START Exercise input

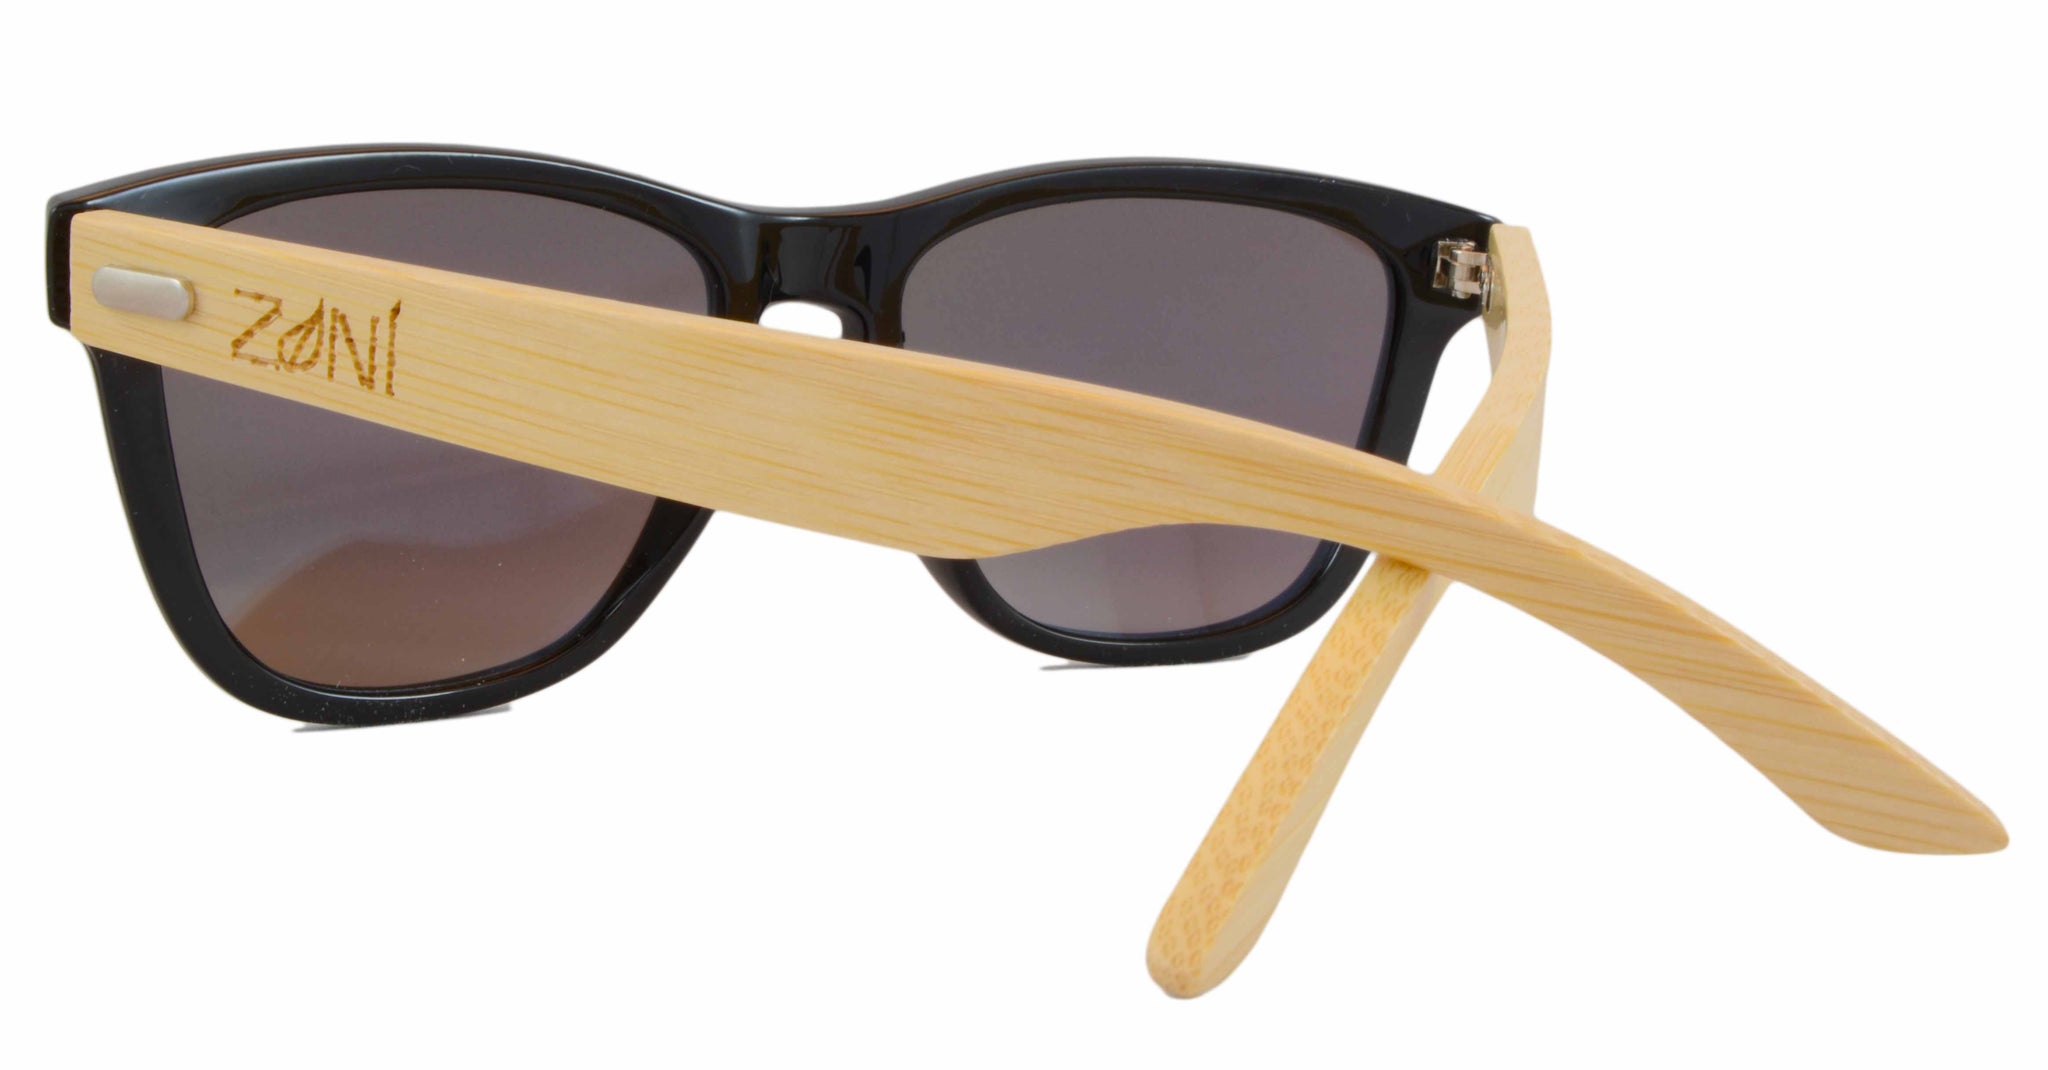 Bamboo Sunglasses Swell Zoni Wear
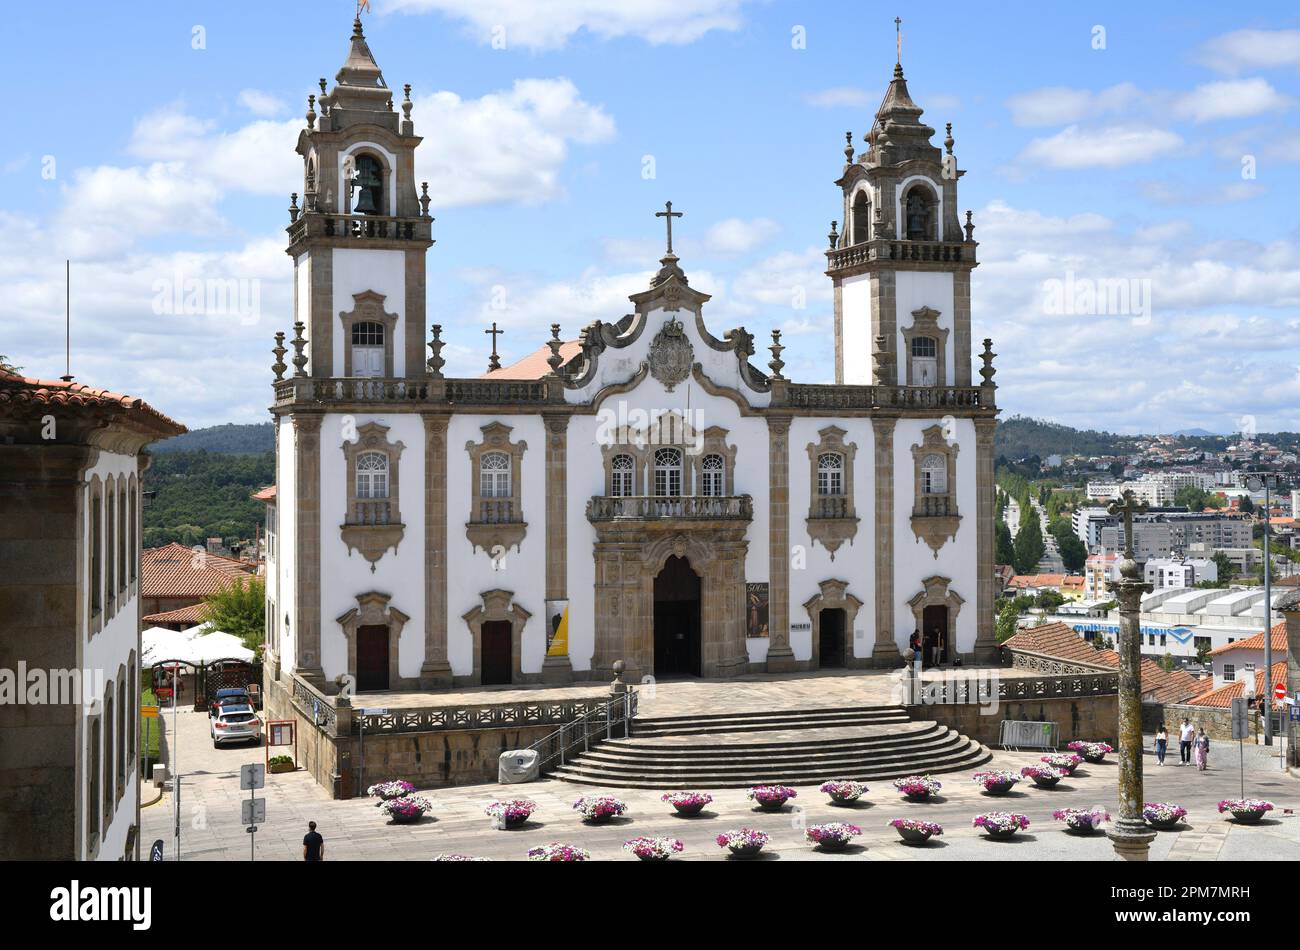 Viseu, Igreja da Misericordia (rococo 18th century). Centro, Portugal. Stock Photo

END Exercise input
START Exercise input

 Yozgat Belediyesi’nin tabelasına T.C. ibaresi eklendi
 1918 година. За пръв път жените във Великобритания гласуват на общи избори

END Exercise input

Above are entries with pictures among them. Write out exactly the lines from the one containing "Bamboo Sunglasses Swell Zoni Wear" through the one containing "Viseu, Igreja da", ends included, and leave those pictures out.

 Bamboo Sunglasses Swell Zoni Wear
 Viseu, Igreja da Misericordia (rococo 18th century). Centro, Portugal. Stock Photo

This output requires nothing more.